TASK GOAL
Exact copy, no pictures: repeat the data that follows.

COLLECTED DATA
- - - -

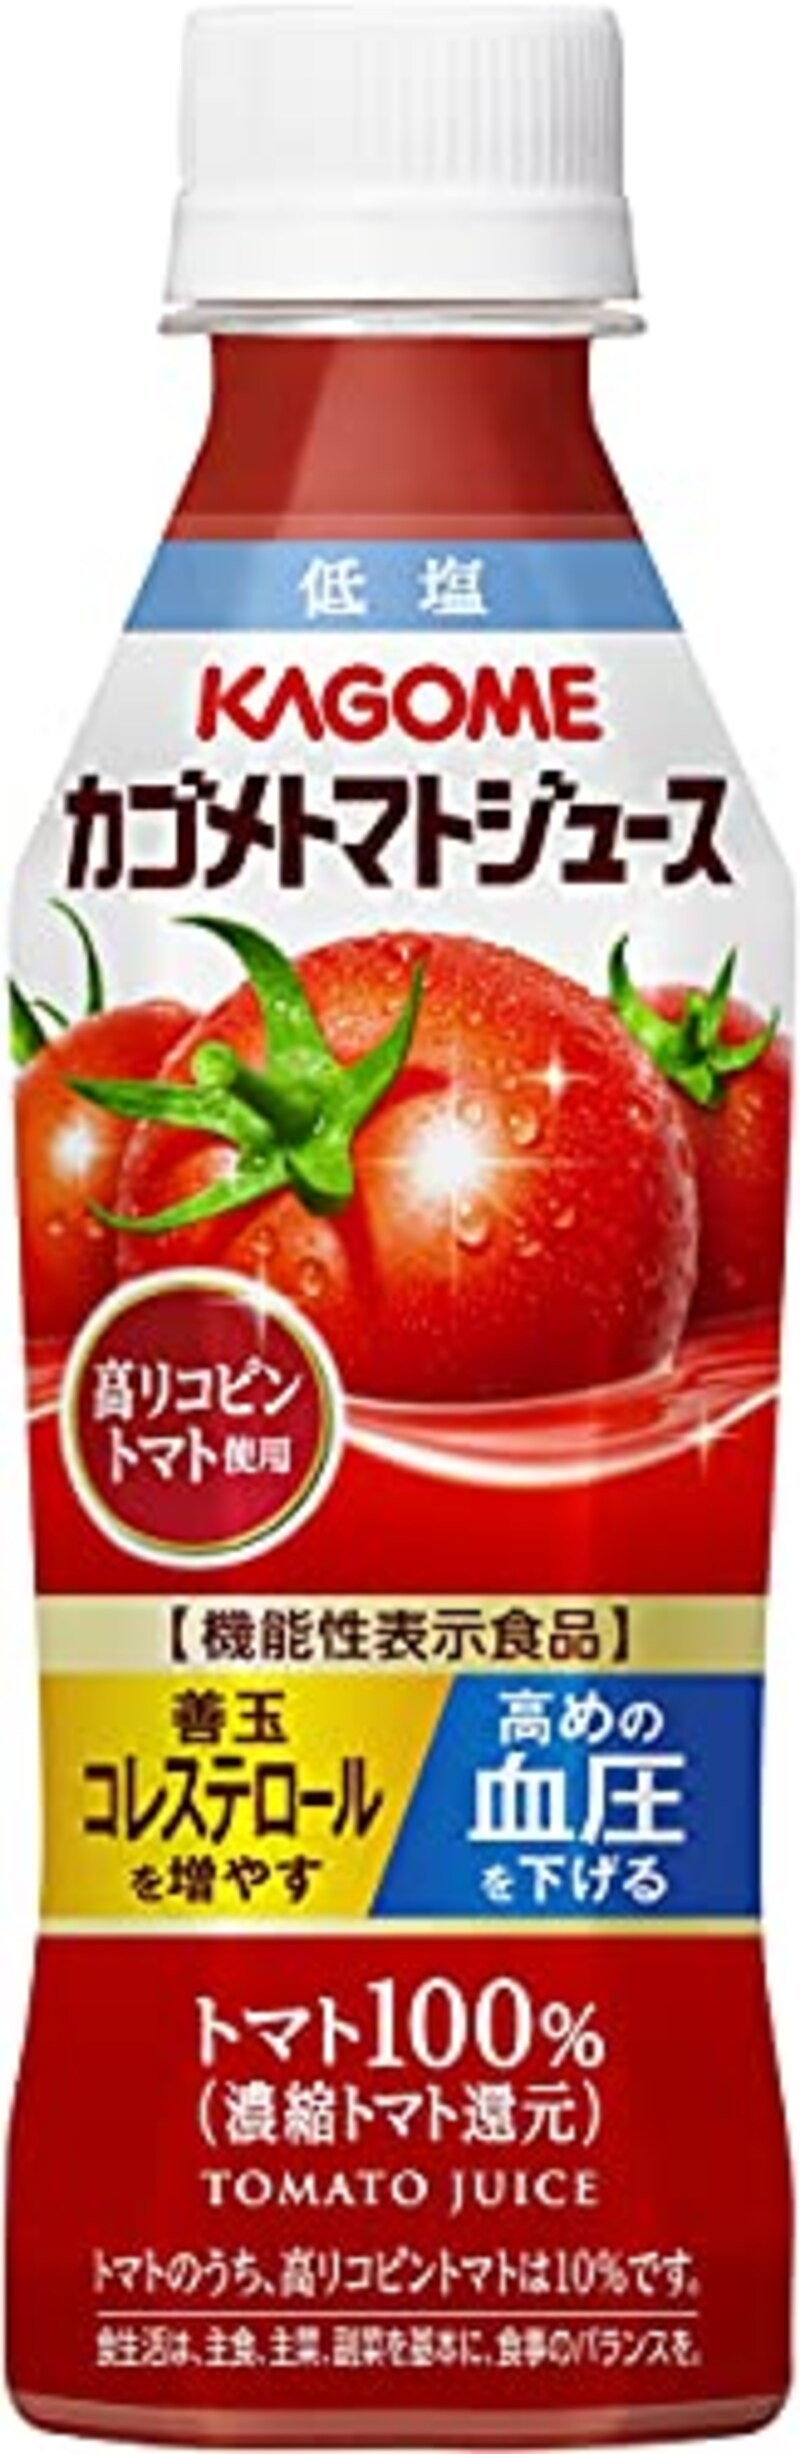 カゴメ,トマトジュース 高リコピントマト使用
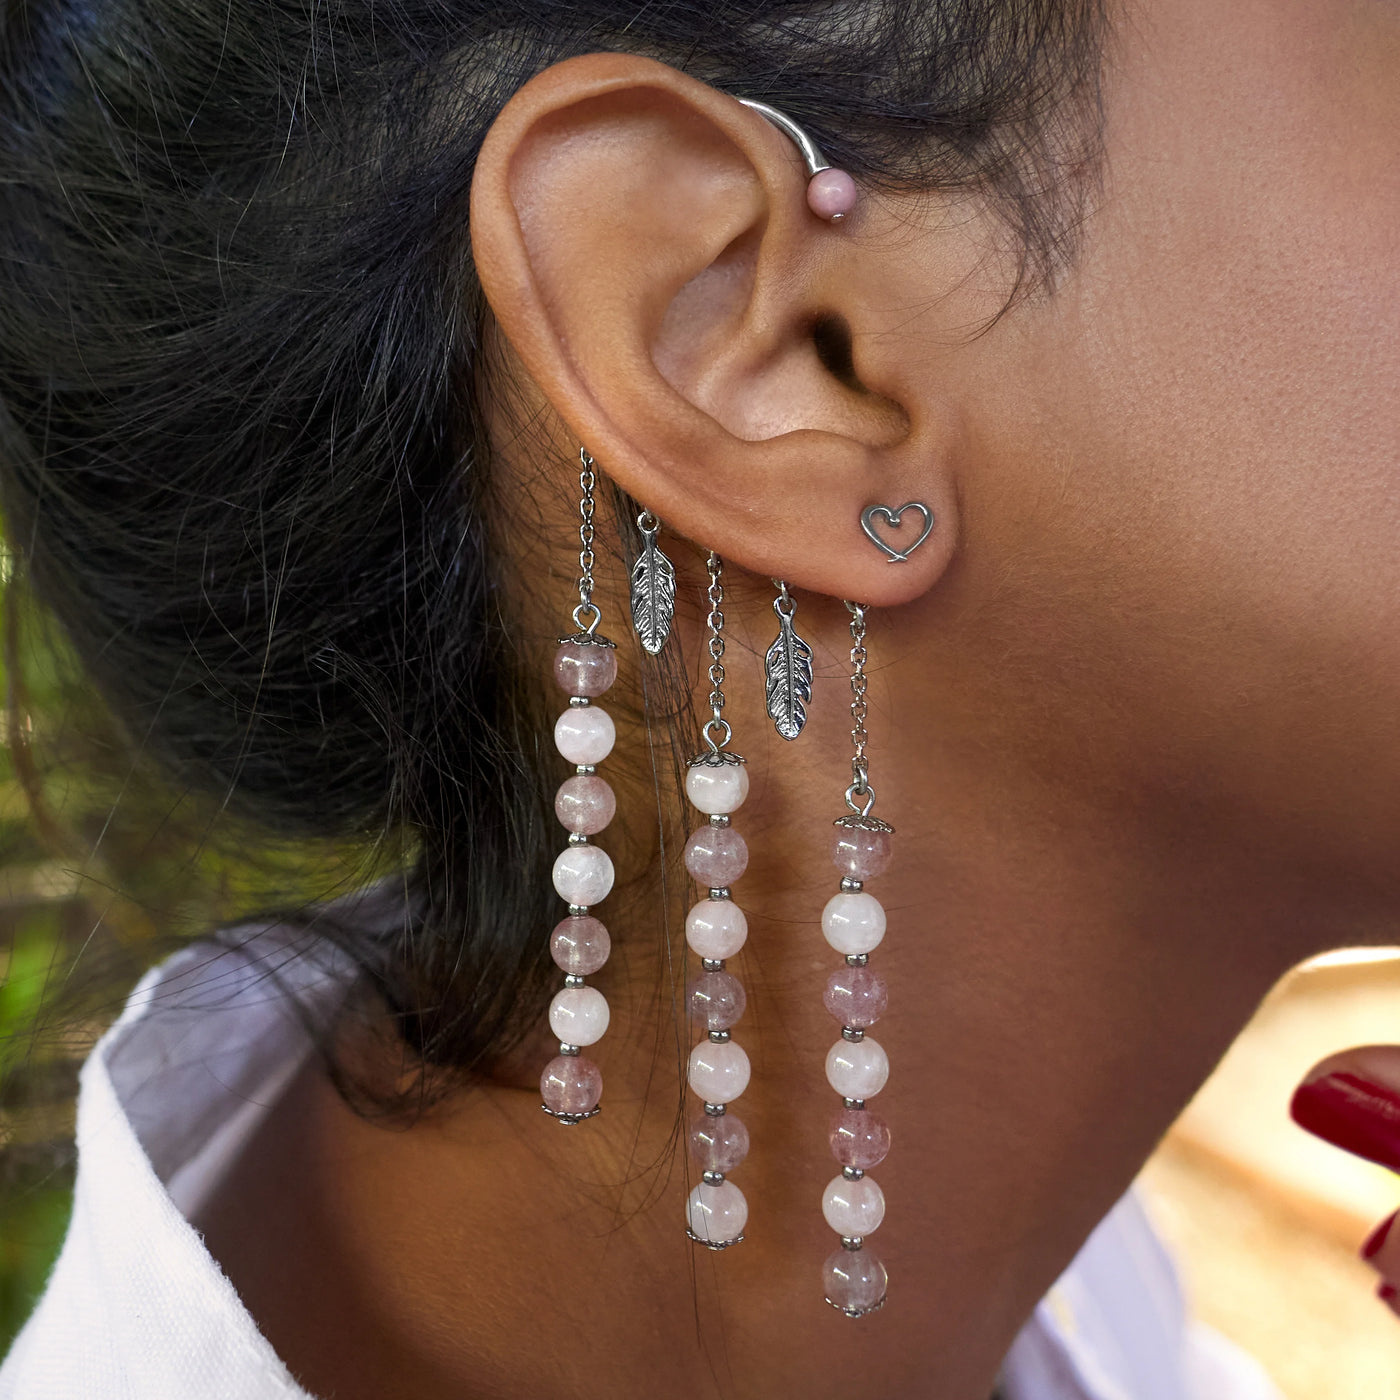 Tour d'oreille Orparima modèle "Amour" porté par Maritza en vue de profil. Boucles d'oreilles coeur. Bijoux dorés au Palladium, fabriqués par une entreprise française.
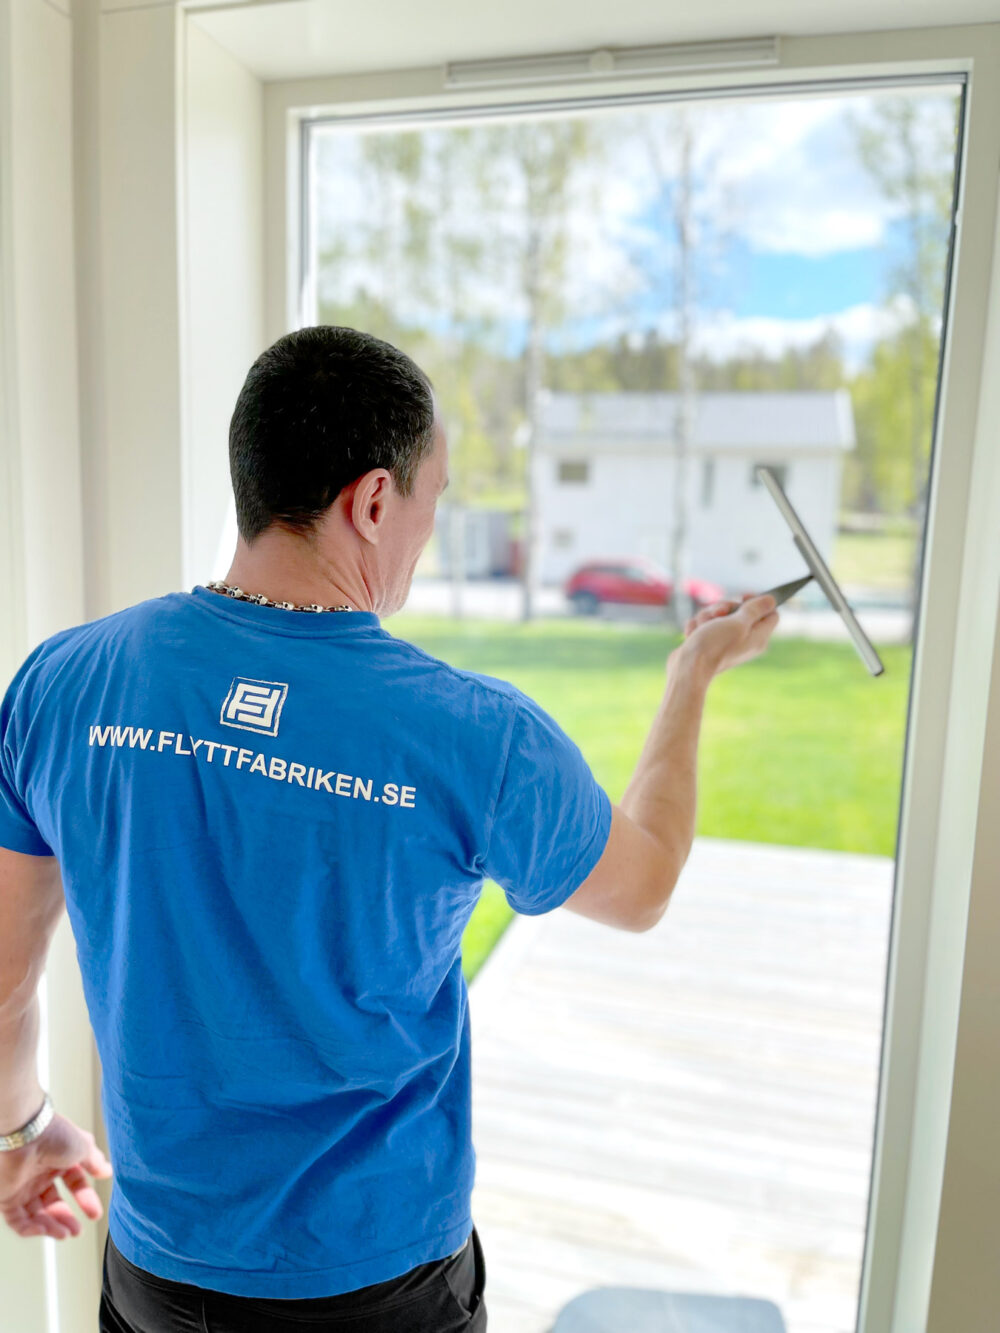 Fönsterputsning under flyttstädning i Stockholm utförs av en medarbetare klädd i Flyttfabrikens blå t-shirt.

- - - -

SOLUTION TO THE EXERCISE
 カゴメ,トマトジュース 高リコピントマト使用
 Tour d'oreille Orparima modèle "Amour" porté par Maritza en vue de profil. Boucles d'oreilles coeur. Bijoux dorés au Palladium, fabriqués par une entreprise française.
 Fönsterputsning under flyttstädning i Stockholm utförs av en medarbetare klädd i Flyttfabrikens blå t-shirt.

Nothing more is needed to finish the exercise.